Nasci mulher. Um privilégio. Gosto de ser mulher. Nasci num corpo que habito com gosto e cuidado, penso de forma feminina, posiciono-me no mundo a partir da perspetiva feminina. Fui educada de forma igual aos meus irmãos do género masculino, tínhamos uma escala para as tarefas domésticas repartida por todos de igual forma. Fui estudar para fora, para o curso que escolhi e, mesmo contrariando a vontade familiar, tive o apoio de toda a família.

Esta é a minha vivência enquanto mulher, e reafirmo, é um privilégio! Mas não deveria ser. Porque é um direito universal proclamado na Declaração Universal dos Direitos Humanos (ONU,1948) logo no seu artigo 1 “Todos os seres humanos nascem livres e iguais em dignidade e direitos. São dotados de razão e consciência e devem agir em relação uns aos outros com espírito de fraternidade.”

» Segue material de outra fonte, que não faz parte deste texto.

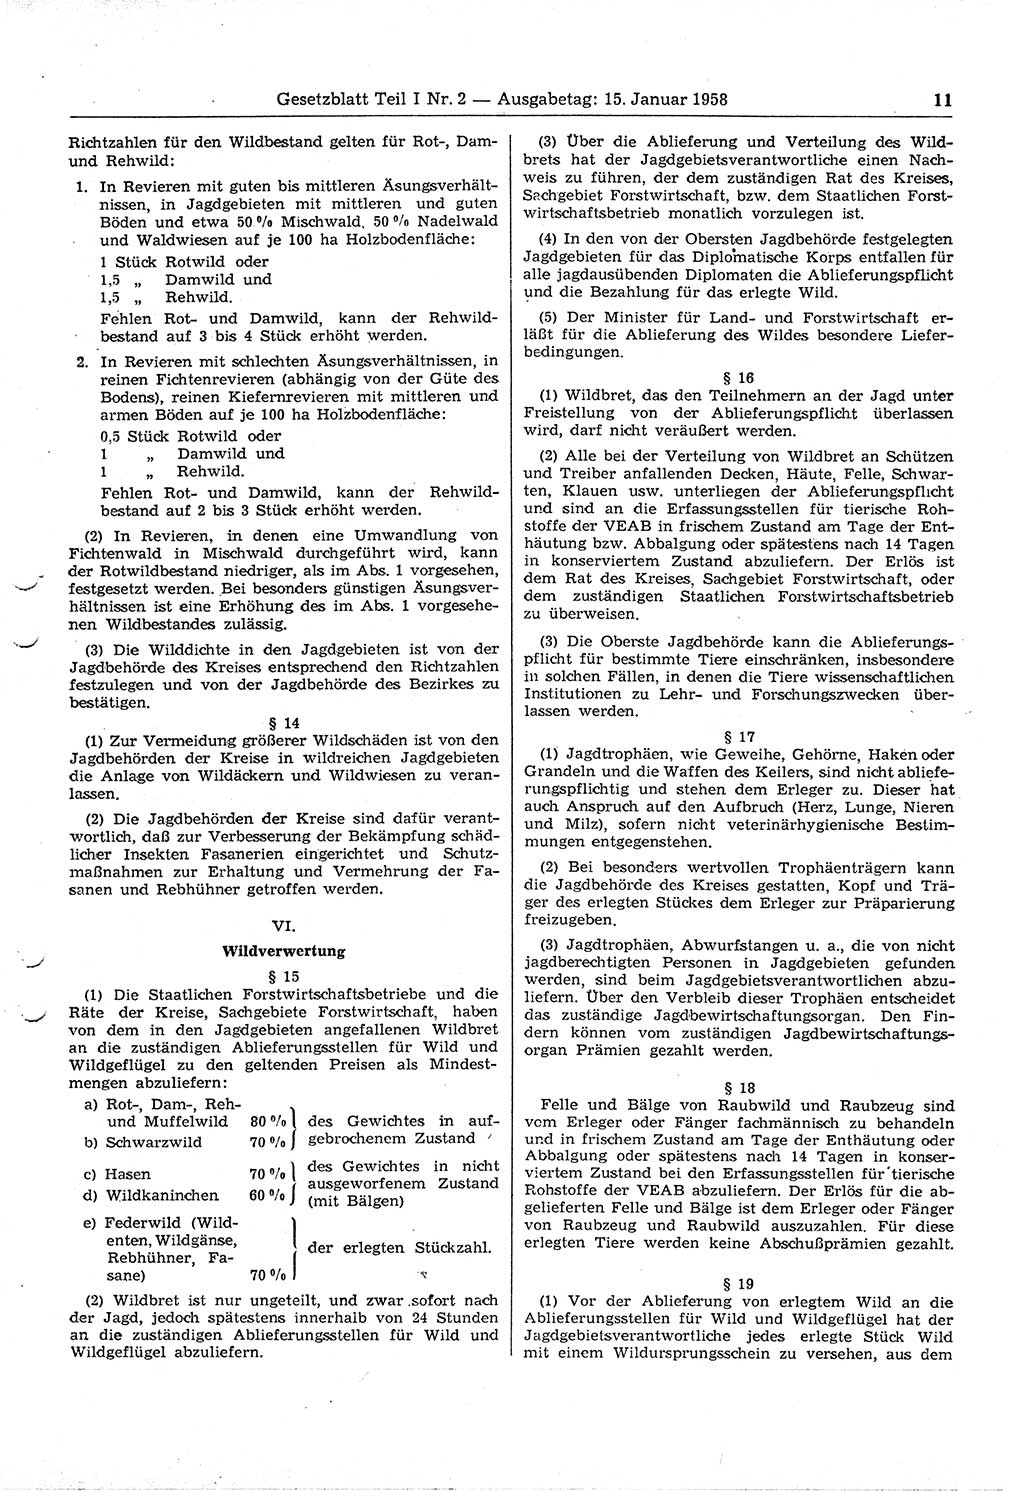 Gesetzblatt (GBl.) der Deutschen Demokratischen Republik (DDR) Teil Ⅰ 1958, Seite 11 (GBl. DDR Ⅰ 1958, S. 11)

Infelizmente, faço parte de um pequeno número de mulheres a nível mundial que se podem considerar verdadeiramente livres para assumir autonomamente as suas escolhas, tomar decisões e viver com dignidade. Viver de acordo com os seus princípios, valores, ideais, crenças, convicções e opções de vida. Porém, todos conhecemos histórias de mulheres que foram alvo de discriminação e atos de violência sob as mais variadas formas. Mulheres que não tiveram direito a afirmar-se como tal. É o momento de refletirmos sobre esta problemática e de recordar essas mulheres. As Marias que não puderam estudar, as Catarinas que morreram a lutar pela liberdade, as Mirabal que foram torturadas porque tinham ideais políticos, as Rosas que acreditavam na igualdade, as Penhas que foram vítimas de violência doméstica, as Joanas que foram queimadas pelas crenças, as Paulas que sucumbiram a fazer abortos clandestinos, as Anas discriminadas só por terem uma deficiência ou as Ritas que não vestem o que querem porque os namorados não permitem…não chegariam as páginas para enumerar cada mulher, cada rosto que torna o dia de ontem, 25 de Novembro: Dia Internacional para a Eliminação da Violência Contra as Mulheres, um dia importante para que continuem os esforços coletivos, visando prevenir e eliminar este tipo de violência.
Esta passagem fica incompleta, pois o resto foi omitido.